In social policy matters, such as they were formulated in that document, the global proposal was "to elevate the quality of life of the population and initiate a sustained process for the eradication of extreme poverty in El Salvador. The conditions of extreme poverty which already represented a very serious problem during the past decade, have been magnified in recent years to such a point that they currently affect more than a third of all Salvadoran families. The seriousness of these problems demands that Salvadoran society’s every effort be oriented towards overcoming it". In this way, in the Cristiani government program the following social postulates were posed: (i) the state ought to participate in a fundamental way in the eradication of extreme poverty; (ii) the satisfaction of the minimum social needs create the necessary conditions for achieving an effective equality of opportunities; (iii) only with the achievement of social development is it viable to consider in a parallel way sustained economic growth; (iv) the social progress which would result from greater opportunities in integral development leads towards harmony and peace.

For its part, the Calderón Sol Administration entertained a fundamental economic concern, expressed in the Government Plan for the Republic of El Salvador for 1994-1999: "to maintain energetic and sustained growth by means of technological modernization, continuous training of the workers and the insertion of the country into the spheres of world production. This process has as an objective to generate more and better resources, as much for feedback on the economic process and the bettering of the infrastructure as well as financing the investment in the human person and broadening the quality and coverage of social services. Consequently, the generation of financial resources is conceived as a means for the materialization of a solid and dynamic social policy". Precisely, the "Plan for Economic Development has as its objective to facilitate the insertion of the country into the process of modernization and globalization in order to enter decidedly onto the road to integral, sustained and sustainable development (...). This demands the creation of mechanisms and an institutionality in the economic area which would be compatible with the basic fundamentals of a free, democratic and participative society which sustains a system which would provide equality of opportunities in order to compete, which permits equality in the enjoyment of the benefits of progress and offers multiple options so that there might be social mobility".

In the area of social policy, the Calderón Sol administration pointed out, in its governmental plan, a concern for the "magnitude of social problems", which would require attention in terms of "large amounts of resources, many years of socially integrated work. Willingness, dedication and patience in order to persevere and a change as much in the structure of the governmental institutions in the social area as well as a change in the attitude of the private sector, which would contribute in a more solidary way and involve itself in the struggle against poverty which is an imperative of the Christian social conscience and a necessary condition for social peace".

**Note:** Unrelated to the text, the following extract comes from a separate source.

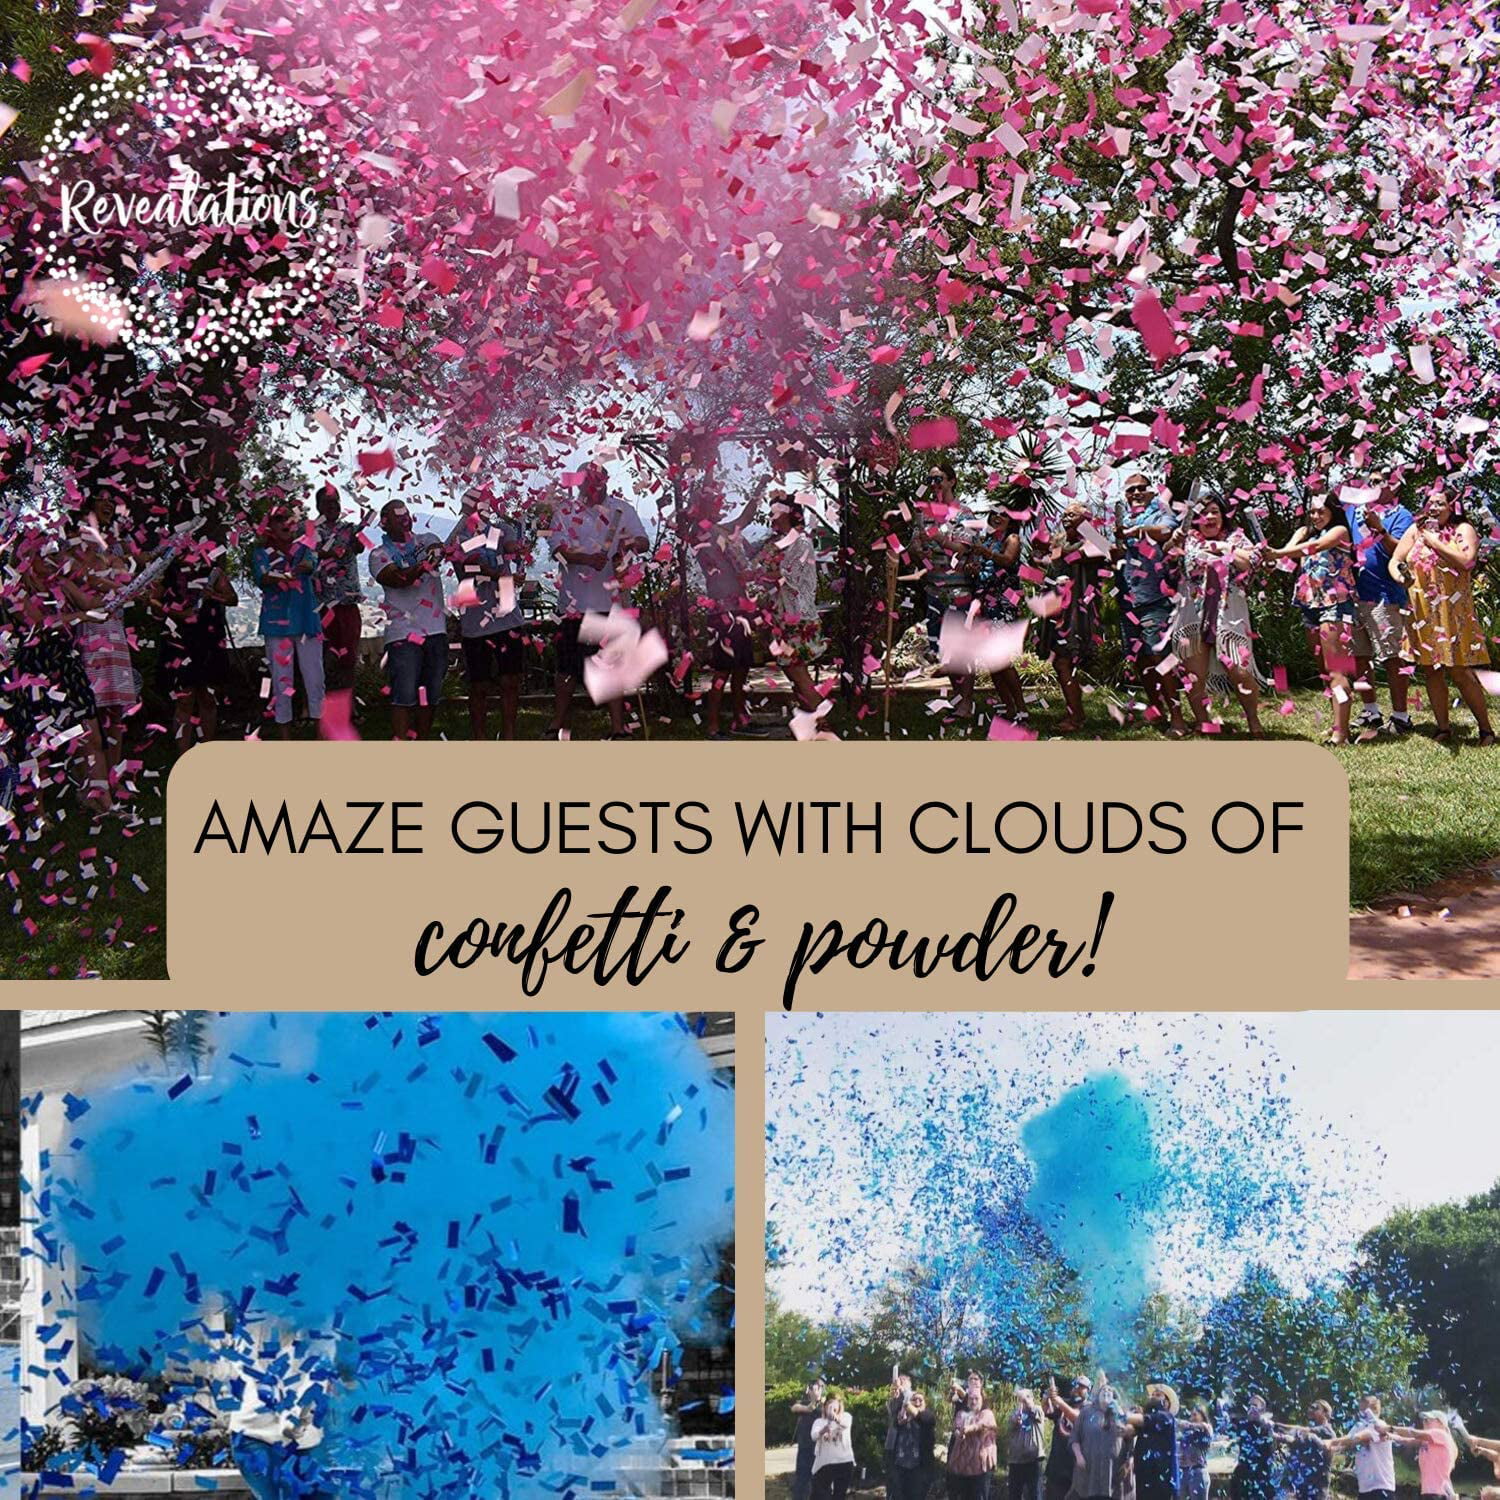 Confetti + Powder + Streamers Gender Reveal Cannons 32 / Light Pink + Dark Pink / Yes - Without Color Label
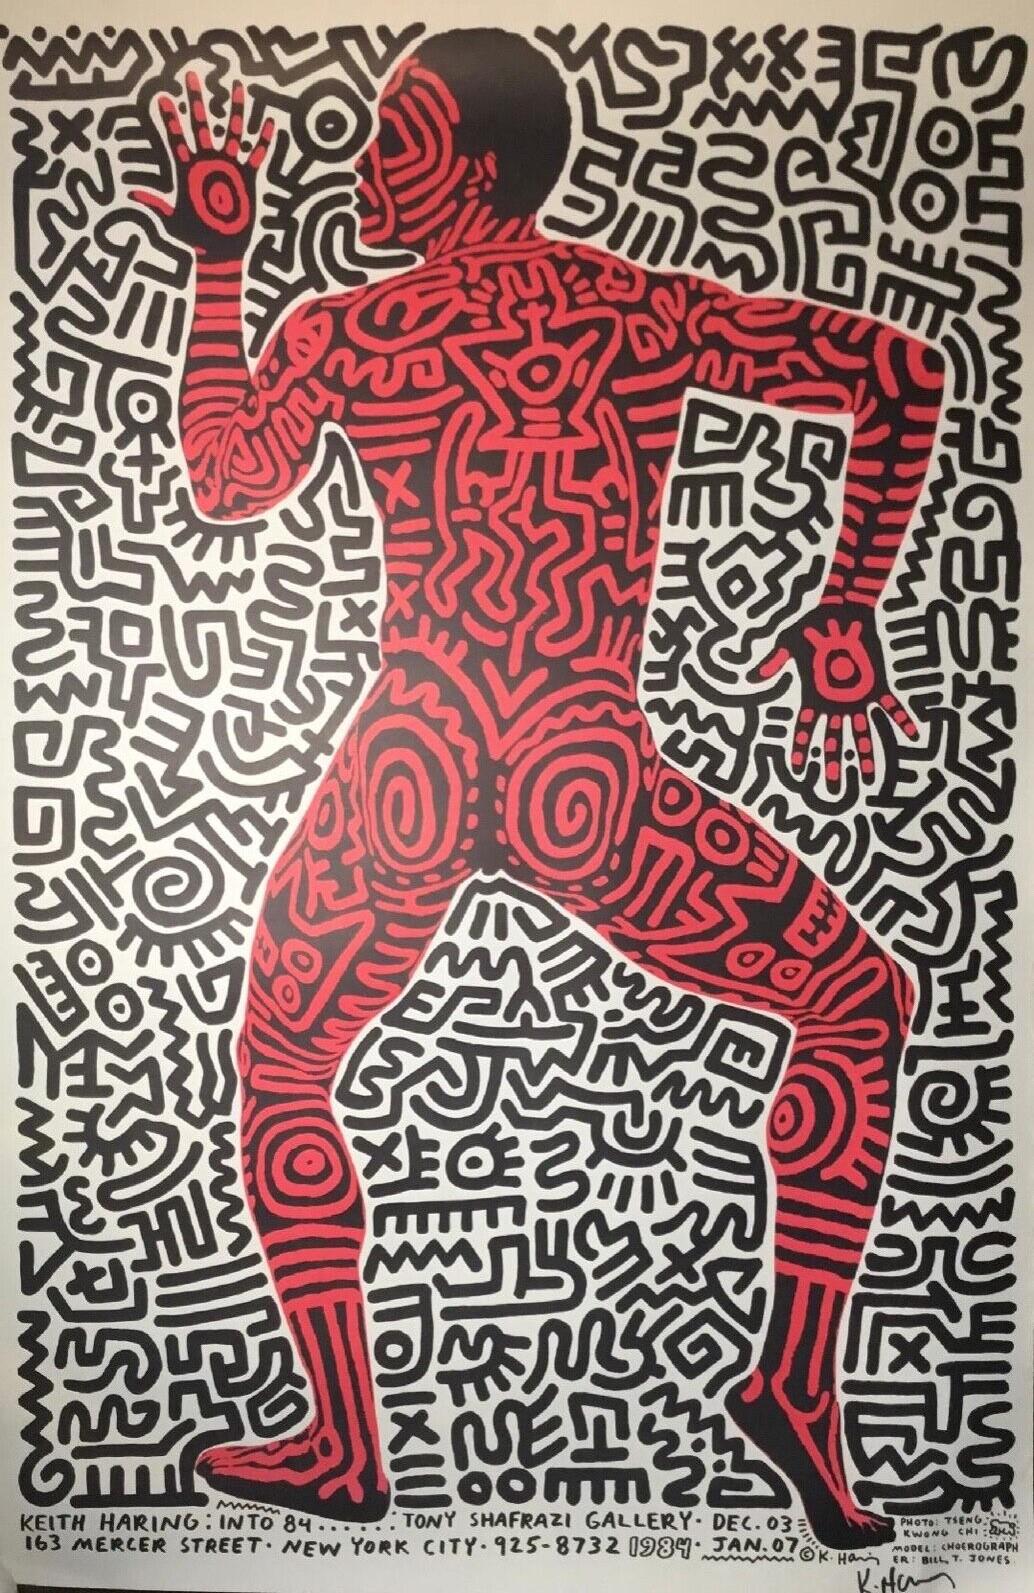 A fantastic, wonderfully designed, striking original color offset lithograph on thick wove paper exhibition poster from Keith Haring's 1983 Tony Shafrazi New York City Gallery show Into 84.  The work depicts choreographer and dancer Bill T. Jones'

In the discourse of the second ARENA administration, what was presented was the achievement of the following: (a) "to make of El Salvador, a country of proprietors, easing access to property by means of an adequate macroeconomic policy and generating opportunities for benefiting the growth of the economy"; (b) "to achieve a greater degree of possible participation by the population in decision making, empowering the municipal governments and the practice of town hall meetings even more by means of a process which would promote the decentralization of social services provided by the state"; (c) "consequent with the foregoing, to introduce mechanisms which would give life and national autonomy to a new concept of local socio-economic development so that they would be provided throughout the national territory. Also sought would be a basis for fomenting local private investment, with the aim of elevating the levels and quality of life throughout the national territory, providing thereby a harmonious and balanced development at a national level".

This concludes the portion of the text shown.